◆ WHAT YOU SHOULD DO
From the line below containing "Vectors - Computer" to the final line, print each line exactly as written. No pictures belong in the copy.

◆ DATA EXCERPT

########################################

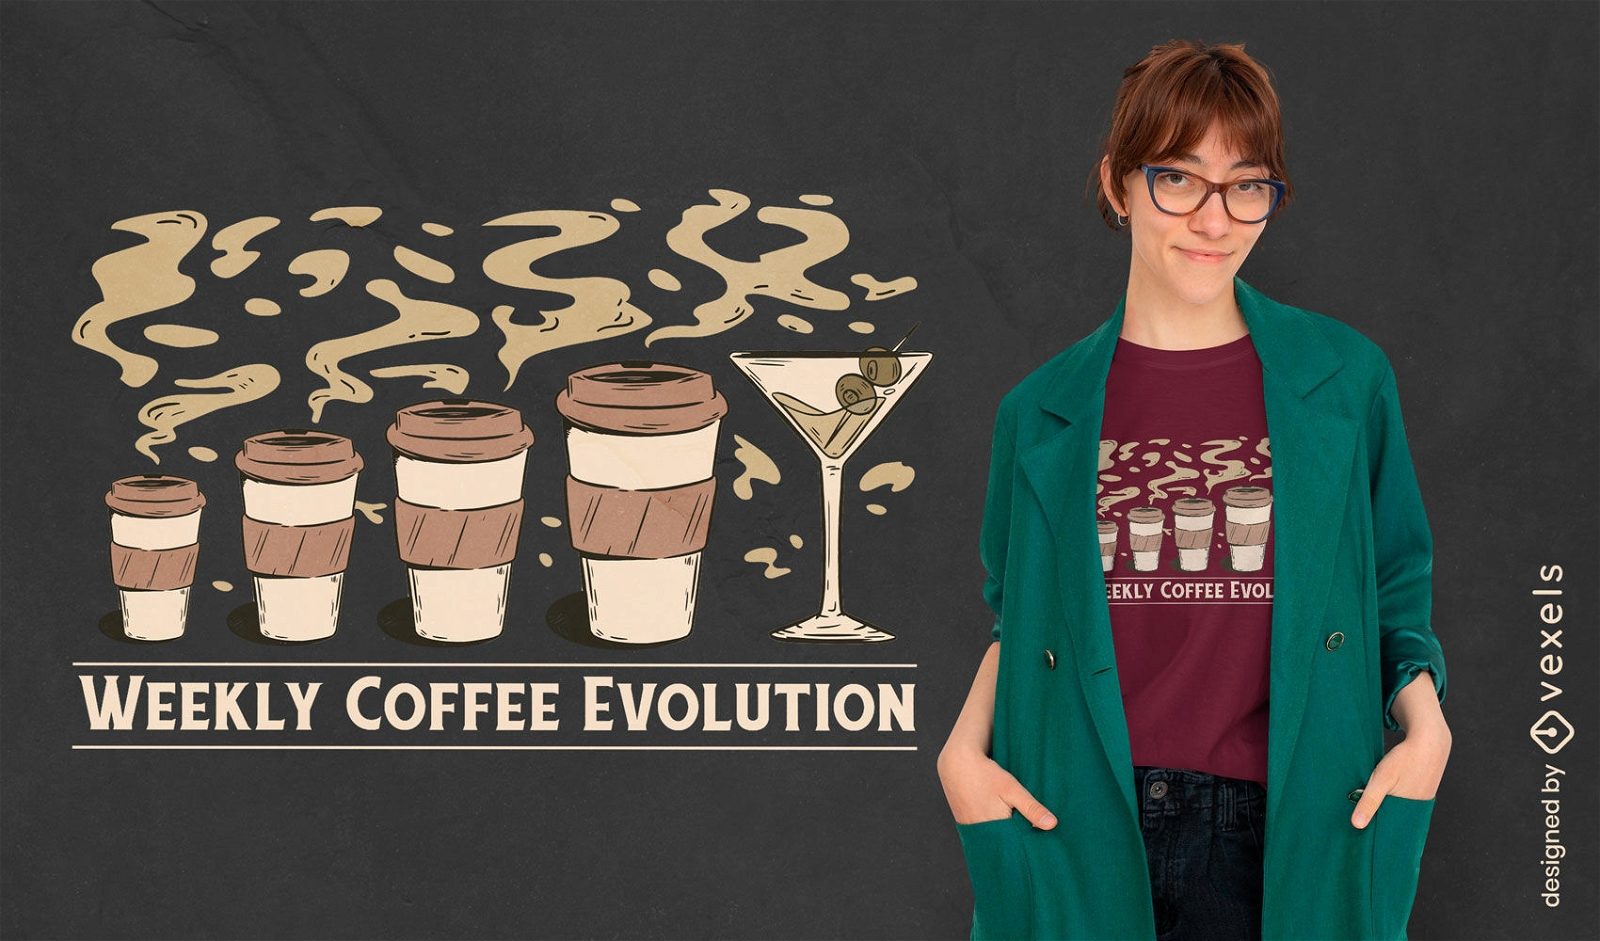 Dise?o de camiseta de evoluci?n de bebida de caf?.
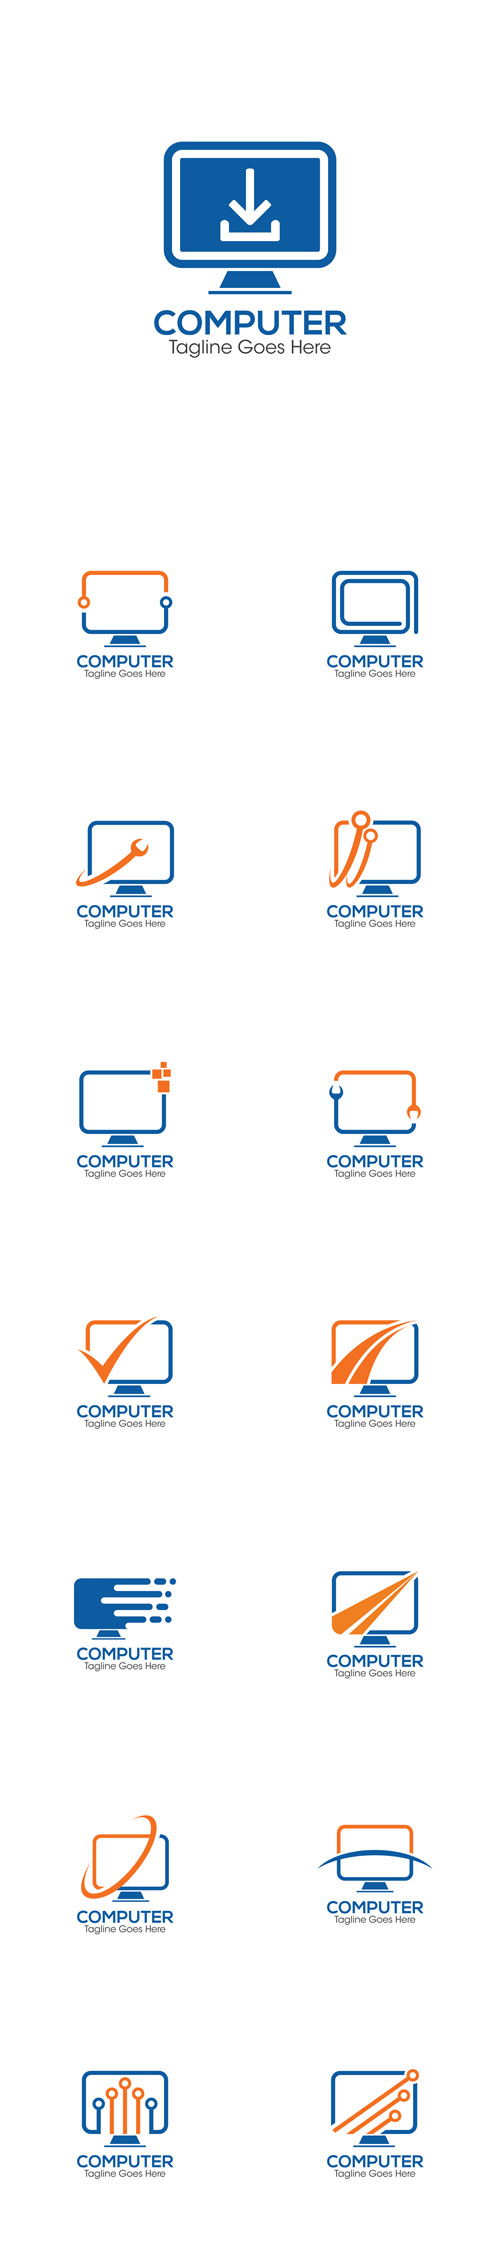 Vectors - Computer Creative Concept Logo Design Templates
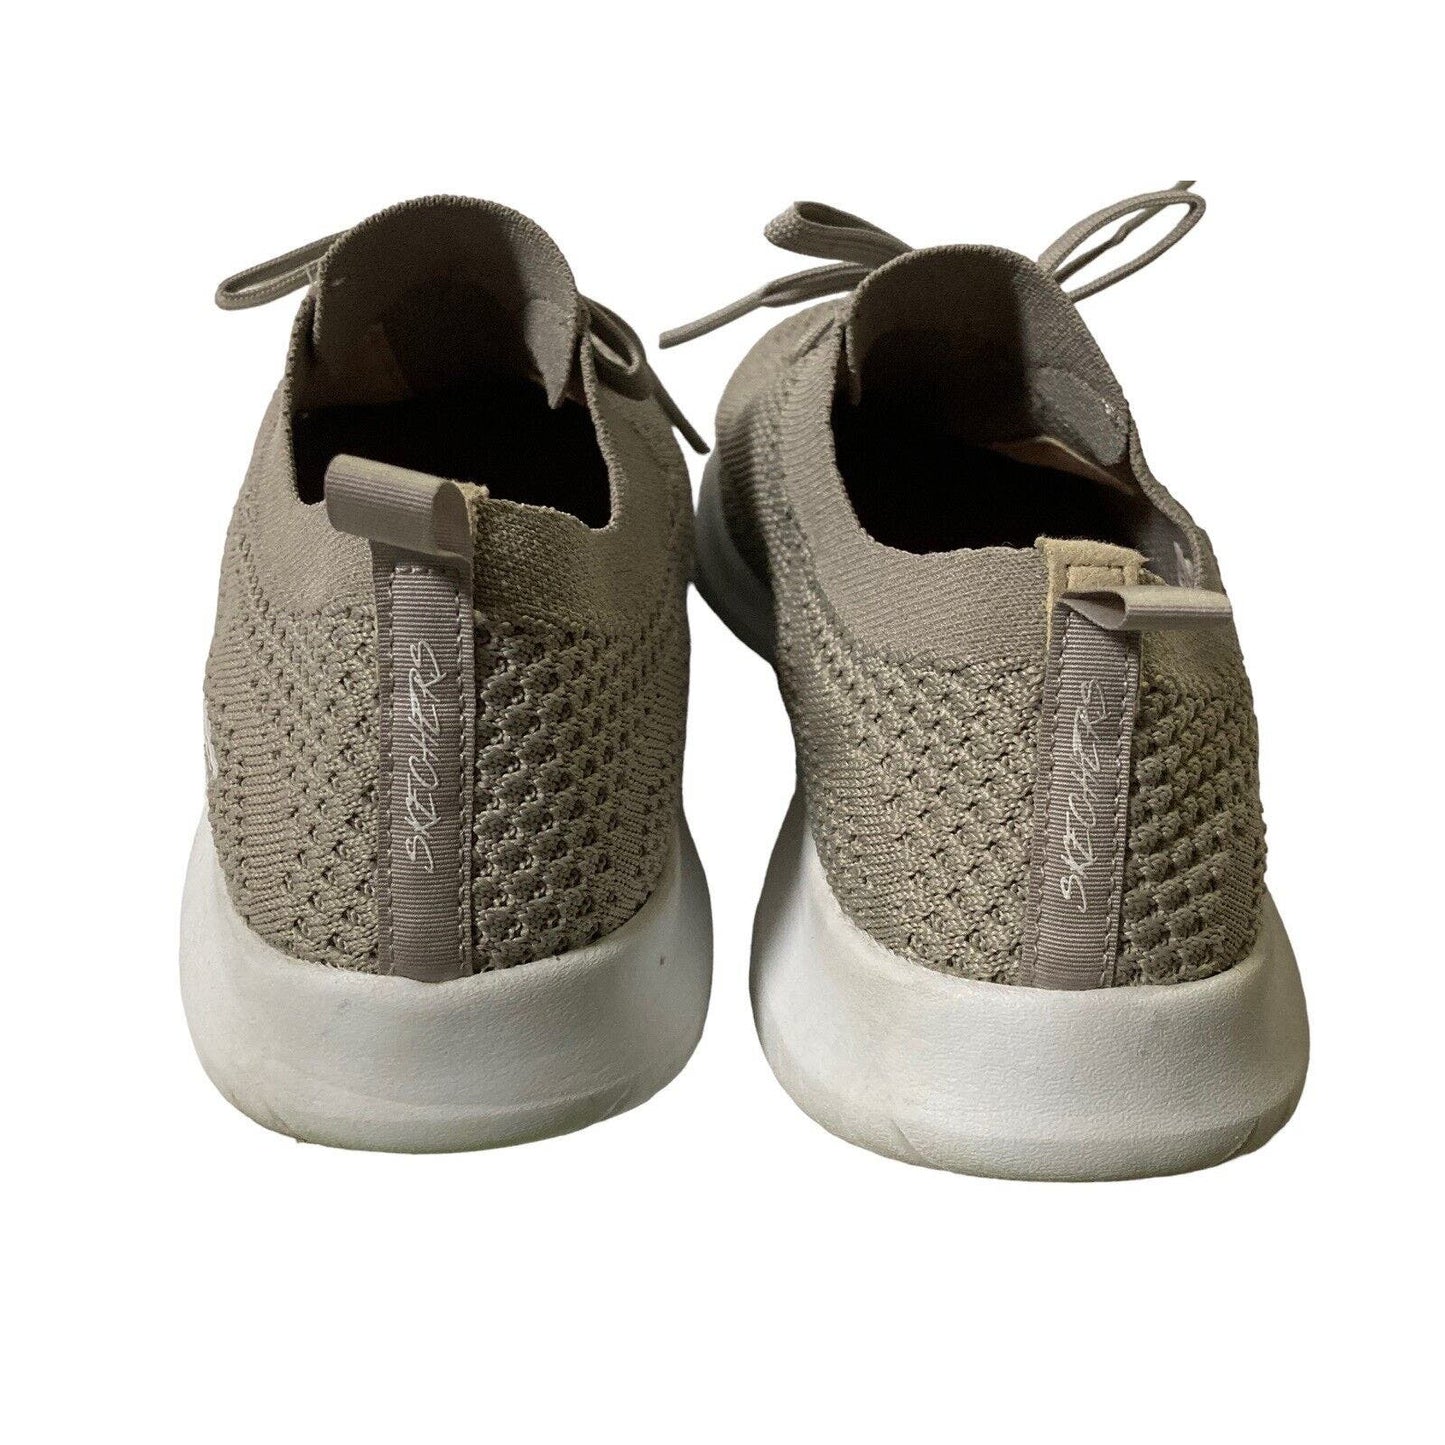 Skechers Ultra Flex 3.0 - Big Plan Taupe Sneakers Size 7.5
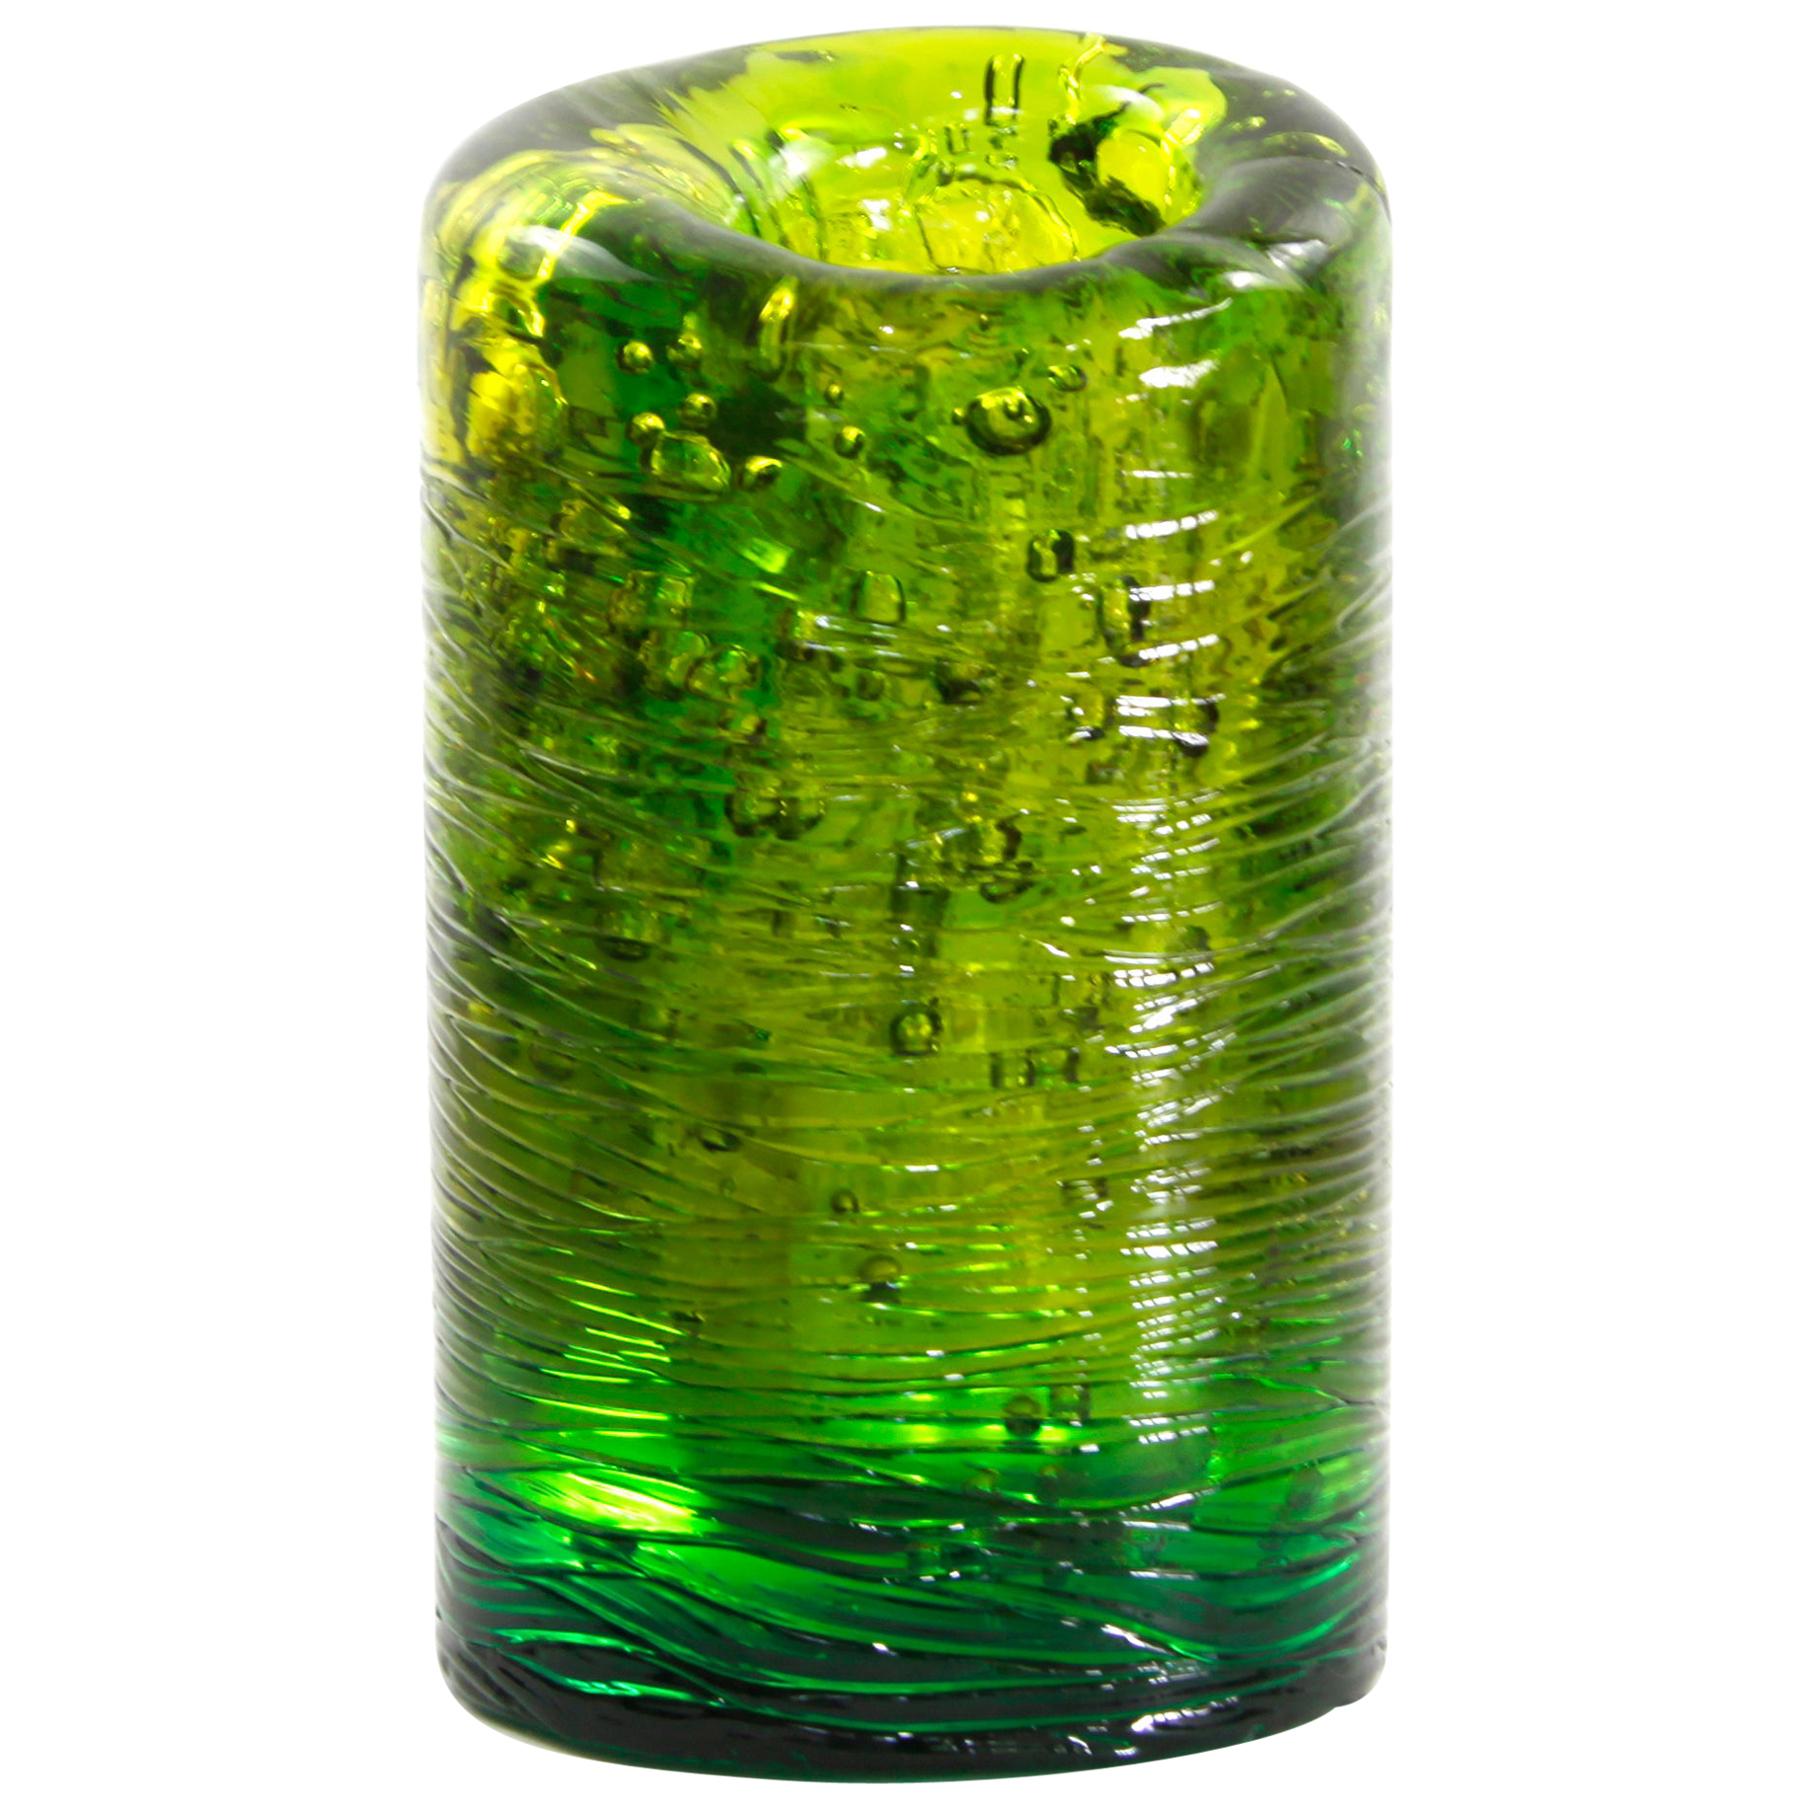 Jungle Contemporary Vase, Large, in Monochrome Lime Green by Jacopo Foggini For Sale

########################################

◆ RESULT
 Vectors - Computer Creative Concept Logo Design Templates
 Skechers Ultra Flex 3.0 - Big Plan Taupe Sneakers Size 7.5
 Jungle Contemporary Vase, Large, in Monochrome Lime Green by Jacopo Foggini For Sale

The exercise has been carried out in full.